[Postgres + MongoDB] Resumable replication #163

rkistner · 2024-12-11T16:53:59Z

Problem Statement

When updating sync rules, we perform initial replication from the source database with the new sync rules. This involves doing an initial snapshot, then streaming incremental changes.

For large source databases, initial replication can take a long time. Historically we did not implement resuming for the initial snapshot queries - only for the initial replication stream.

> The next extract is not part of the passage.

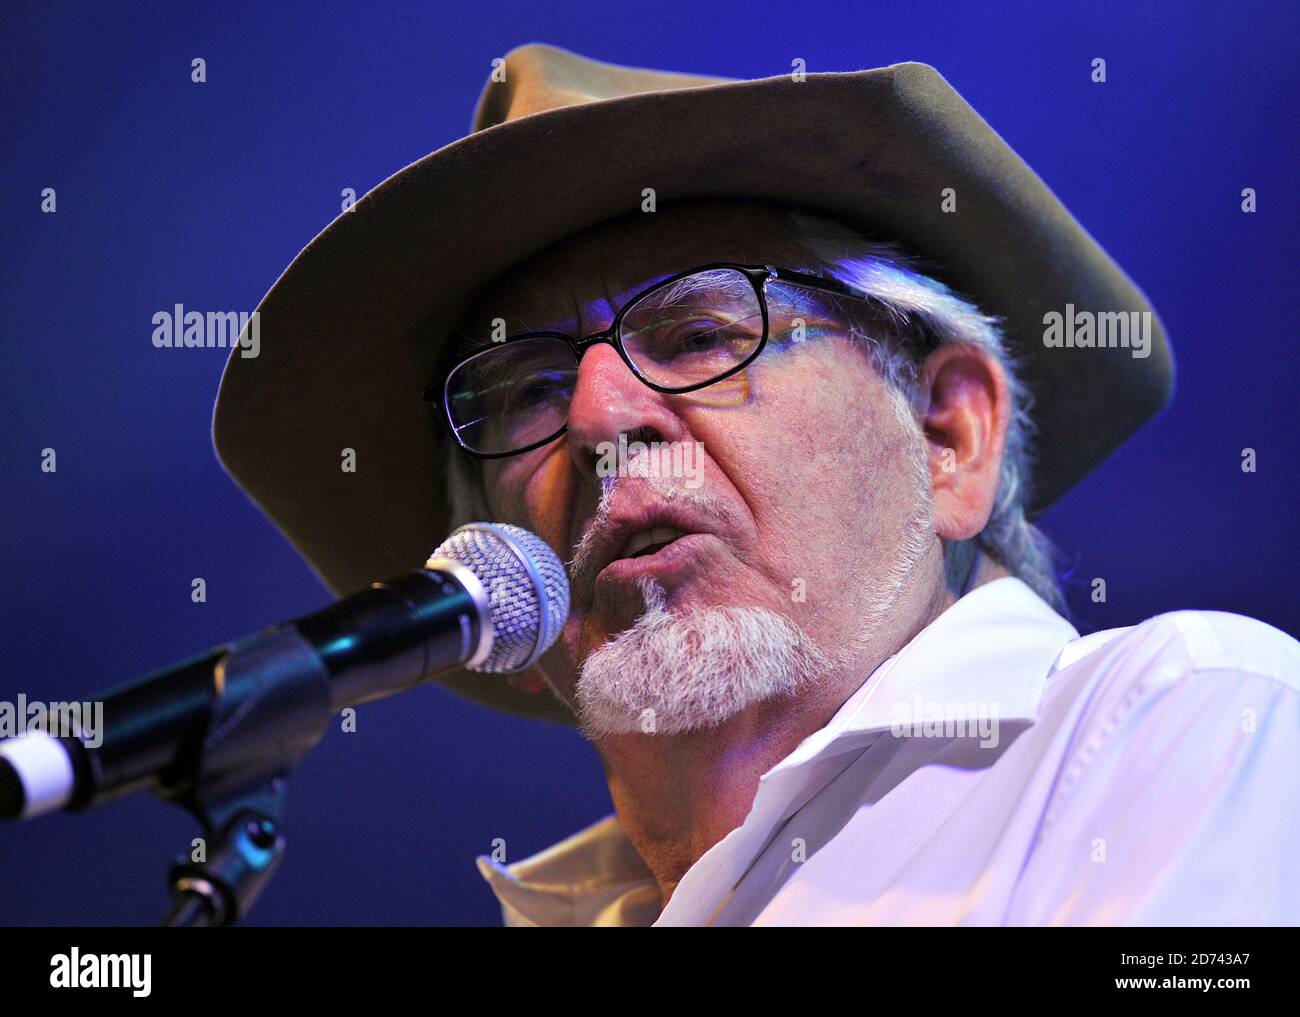 Rolf Harris performs on the final day of the Womad Festival, in Malmesbury in Wiltshire. Picture date: 25 July 2010. M Crossick/EMPICS Stock Photo

So if the replication process/container crashed/restarted in that process, we had to restart the snapshot from scratch.

We have already implemented partial mitigations for Postgres source databases:

[Postgres] Resumeable initial replication #150 added support to skipping tables already replicated.
[Postgres] Improve timeouts and table snapshots #152 improved table snapshots to be faster when retrying - avoiding writing the same rows again.

The fix

This implements the same mitigations for MongoDB source databases, and additionally attempts to chunk initial snapshot queries using the primary key, allowing us to fully resume initial replication where we left off. This is basically repeated queries of the form SELECT * from <table> WHERE id > :lastId LIMIT 10000, instead of just using a single SELECT * FROM <table> query.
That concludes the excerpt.